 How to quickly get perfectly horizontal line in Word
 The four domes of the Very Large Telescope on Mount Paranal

= = = = = = =

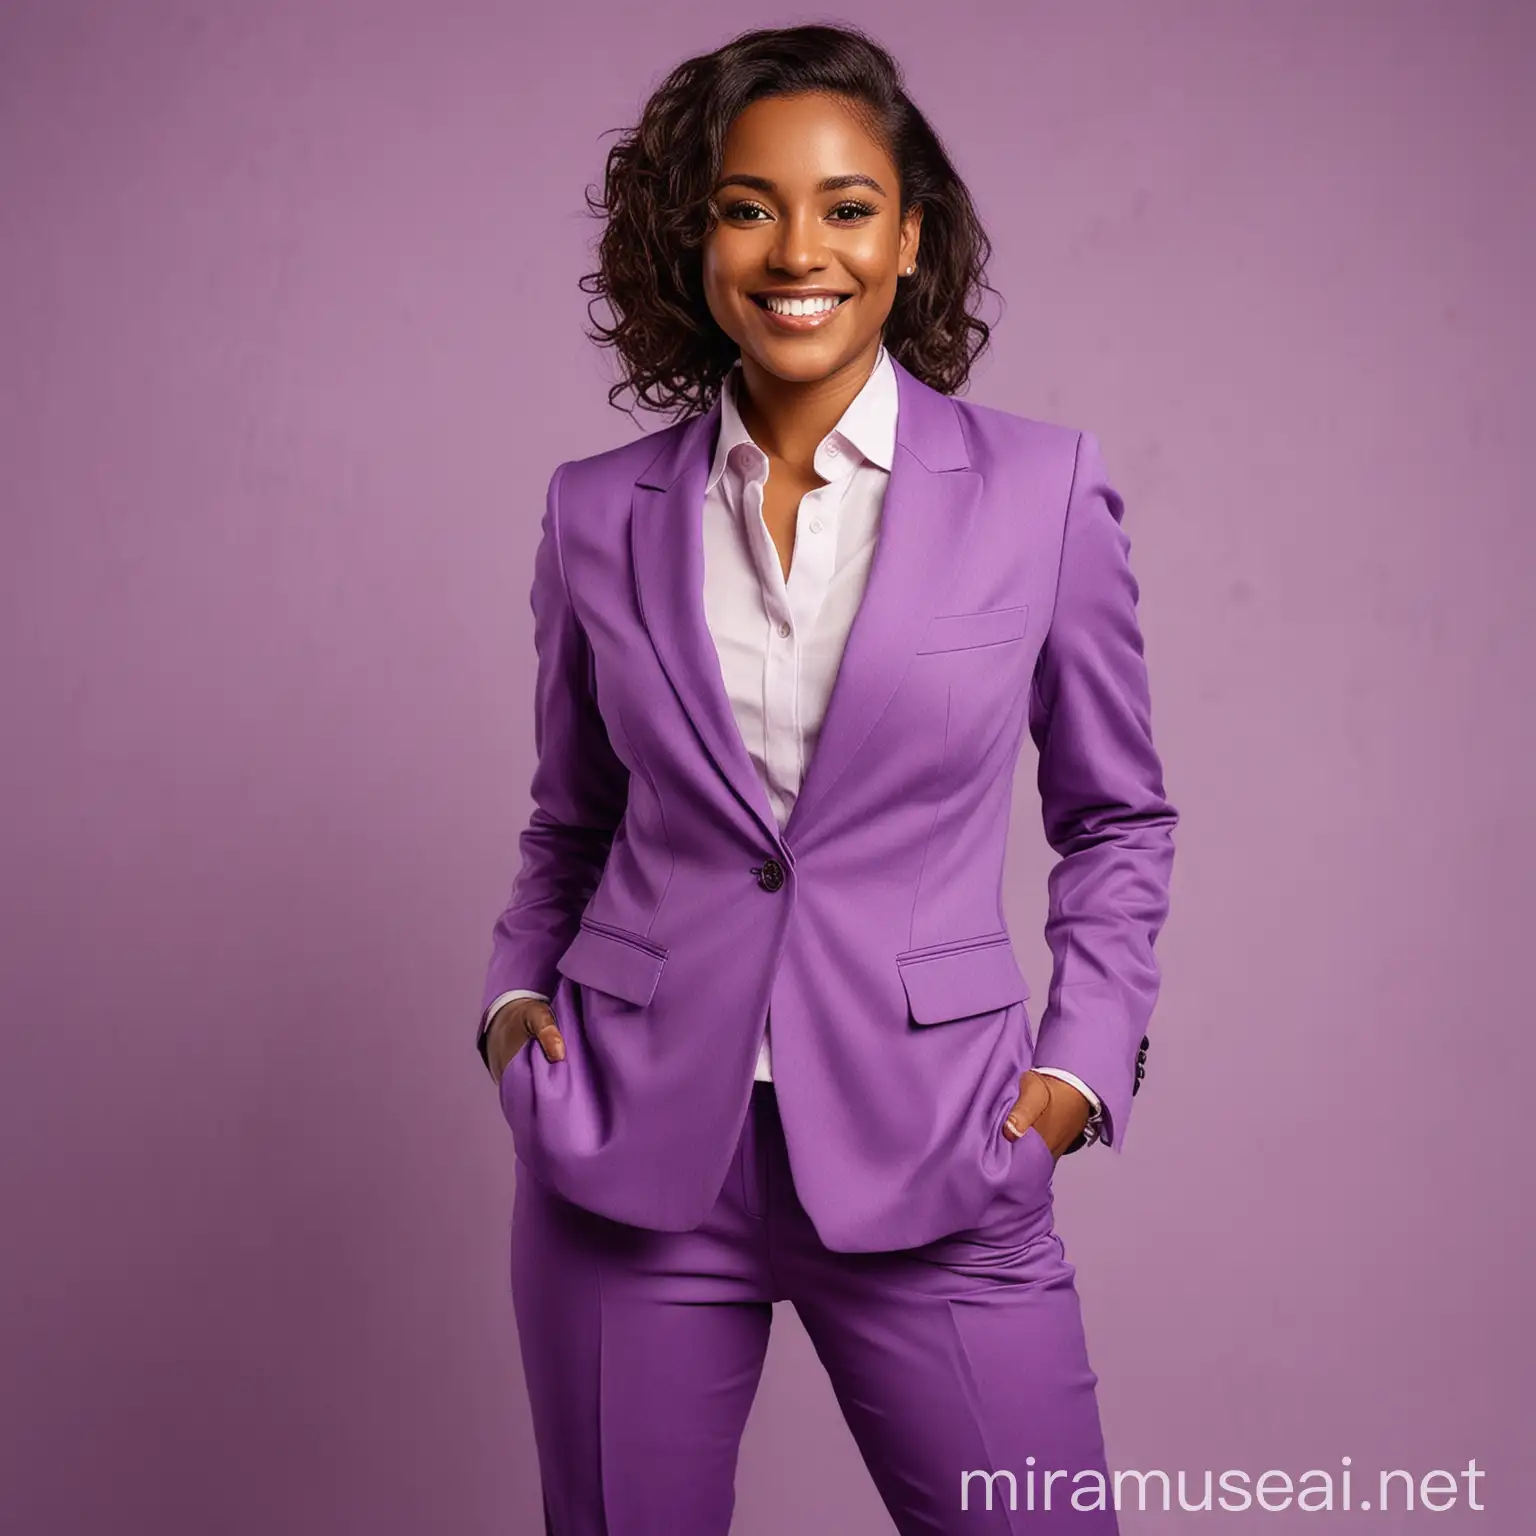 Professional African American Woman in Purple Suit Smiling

= = = = = = =

## Task details:
Your answer should consist of the lines from the line with "How to quickly" to the line with "The four domes" above, repeated exactly, both ends included.

## The completed task:
 How to quickly get perfectly horizontal line in Word
 The four domes of the Very Large Telescope on Mount Paranal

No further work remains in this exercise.